Le deuxième pilier des salariés se compose de leurs cotisations personnelles, de celles de leurs employeurs ainsi que des intérêts que les caisses de pension versent sur cet épargne. Les intérêts perçus pendant quelque quarante années de cotisation influencent de manière déterminante le montant du capital vieillesse disponible à la retraite.
Et, chaque année, le Conseil fédéral fixe le taux d’intérêt minimum que les caisses de pension doivent verser à leurs assurés. Depuis 2017, il maintient un ridicule taux de 1%. C’est toujours le cas pour 2022, même si ces institutions de prévoyance ont réalisé des recettes record grâce au capital des assurés disponible en 2021. Les indices des grandes banques UBS et Credit Suisse le montrent: leur activité florissante en bourse et leurs bénéfices constants sur les biens immobiliers ont garanti aux caisses des rendements de plus de 8% en moyenne.

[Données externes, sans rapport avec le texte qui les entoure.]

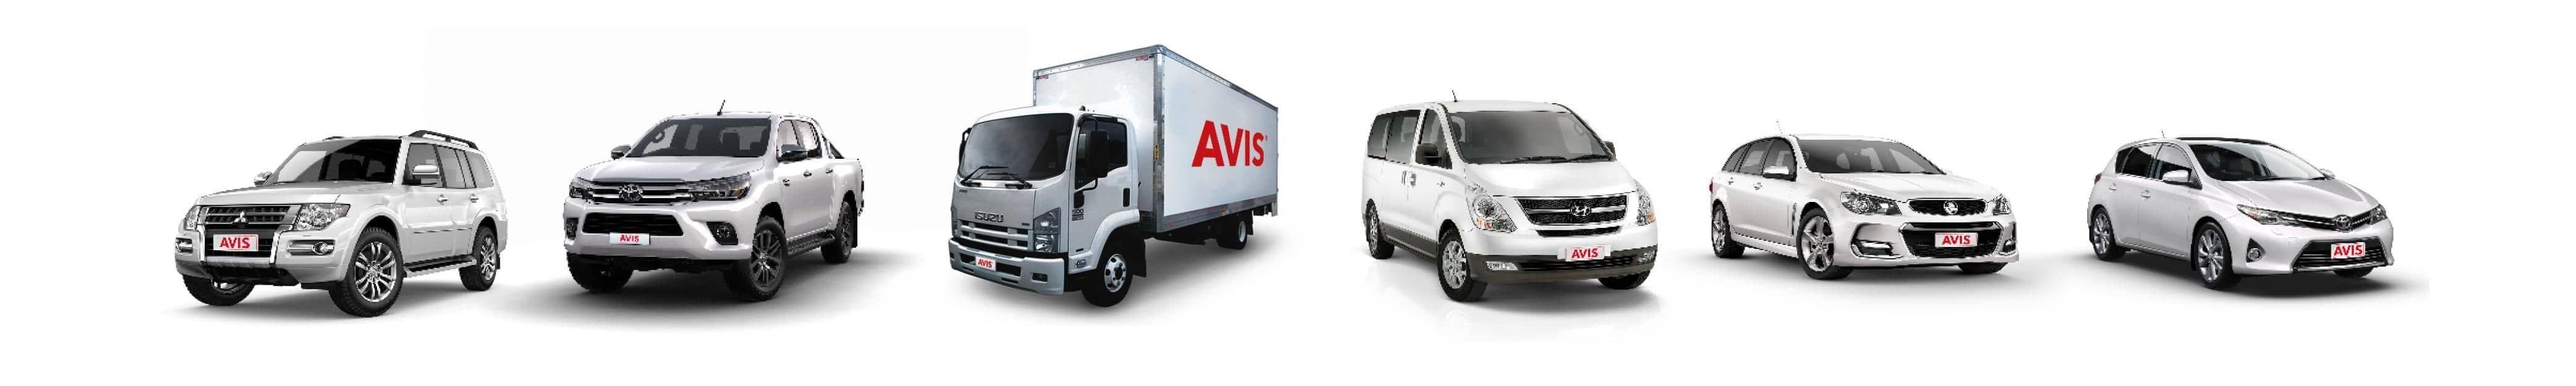 avis-au-businesssolutions-truck2

Un effet direct sur la retraite
Reste que nombre de ces institutions de prévoyance versent des intérêts bien supérieurs au 1% prescrit par le Conseil fédéral, comme nous l’avons constaté dans notre comparatif auprès de 50 caisses de pension. Quinze d’entre elles ont rémunéré le capital vieillesse avec des taux de 5% et plus en 2021. Les caisses d’UBS et de Raiffeisen remportent la palme, avec 9,5% (voir tableau). Comme presque toutes les institutions interrogées, elles appliquent le même taux d’intérêt pour les avoirs de vieillesse obligatoires et surobligatoires.
En fin de classement, on trouve la Caisse de prévoyance de la Confédération, Publica, avec un taux de 1,75%. Celles de La Poste et des CFF versent aussi des intérêts bas sur les capitaux de vieillesse des assurés, soit respectivement 3,5% et 2,5%.

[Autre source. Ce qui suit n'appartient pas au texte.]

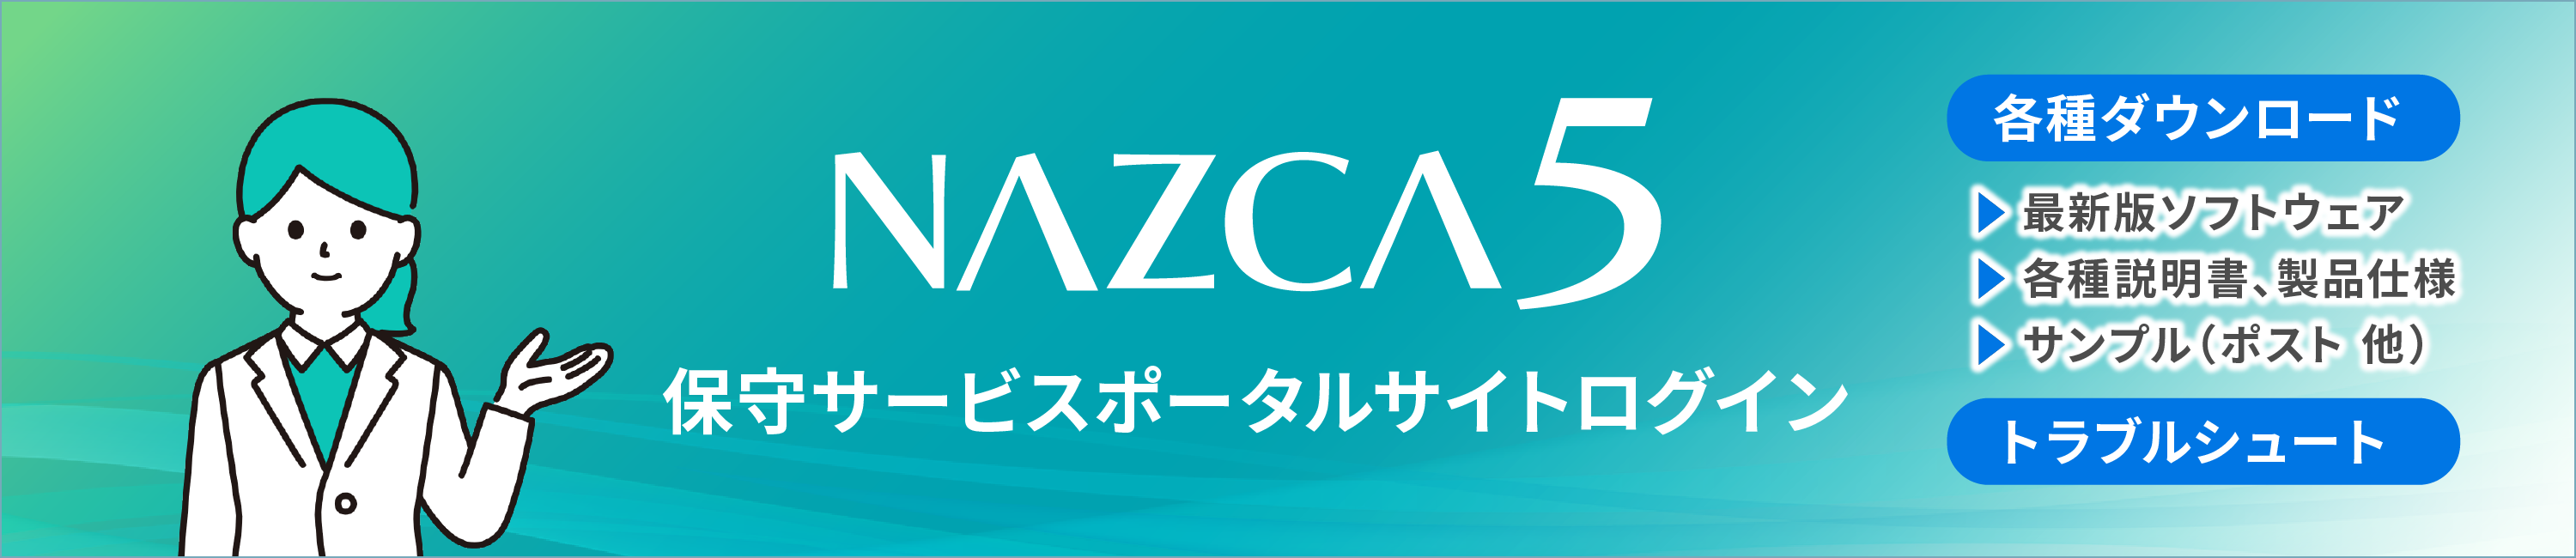 NAZCA5 ポータルサイトログイン

- Pour les principaux concernés, ces différences de taux pèsent lourd à la retraite. Avec un capital vieillesse de 100 000 fr., 9,5% de taux d’intérêt représentent un gain de 9500 fr., contre 1750 fr. avec un rendement de 1,75%. Soit une différence de 7750 fr.!
Au vu des bons rendements des caisses de pension, l’élévation du taux d’intérêt minimal se justifie, selon Anna Storz, responsable de la politique sociale auprès de la faîtière de défense les salariés, Travail.Suisse. Par ricochet, l’ensemble des institutions de prévoyance seraient incitées à augmenter leurs intérêts.
Taux bas et opacité des assureurs
Les grandes compagnies d’assurance se sont aussi immiscées dans le marché du 2e pilier, en plus des caisses de pension. Au point que environ 700 000 employés sont assurés pour la prévoyance professionnelle auprès d’Allianz, Bâloise, Helvetia, Pax et Swiss Life. L’avantage: salariés et employeurs évitent le risque de devoir verser des contributions d‘assainissement en cas de mauvaise gestion de la caisse de pension. En revanche, les assureurs lésinent sur les intérêts: en 2021, ils n’ont rémunéré la partie obligatoire de l’avoir de vieillesse qu’au minimum légal de 1%. Et la partie surobligatoire encore moins.
Les assureurs justifient leurs taux par le credo «sécurité à 100%». Aucun d’entre eux n’a voulu nous indiquer le rendement obtenu, l’an dernier, grâce au capital des assurés. Impossible donc de savoir quelle part est versée aux actionnaires ou dans les réserves...
Des réserves et des provisions où sont encore affectés une grande part des revenus de nombreuses institutions de prévoyance et dont bien des employés ne voient jamais la couleur: tous ceux qui changent d’employeur au cours de leur vie professionnelle, et donc de caisse de pension ou d’assureur, ne se voient transférer que leur avoir de vieillesse, sans toucher ne serait-ce qu’un centime des réserves de l’ancienne caisse.
Gery Schwager / gda
Ce que peuvent faire les assurés
Au sein des caisses de pension, c’est le Conseil de fondation qui décide du taux d’intérêt sur le capital vieillesse épargné. Cet organe se compose d’un nombre égal de représentants des employeurs et des employés. Si l’on n’est pas satisfait du taux d’intérêt de sa caisse, il faut s’adresser aux représentants des employés au sein du Conseil de fondation et demander une augmentation. En cas d’insatisfaction générale avec la caisse de pension, les salariés peuvent demander à leur employeur d’examiner les possibilités d’un changement de caisse.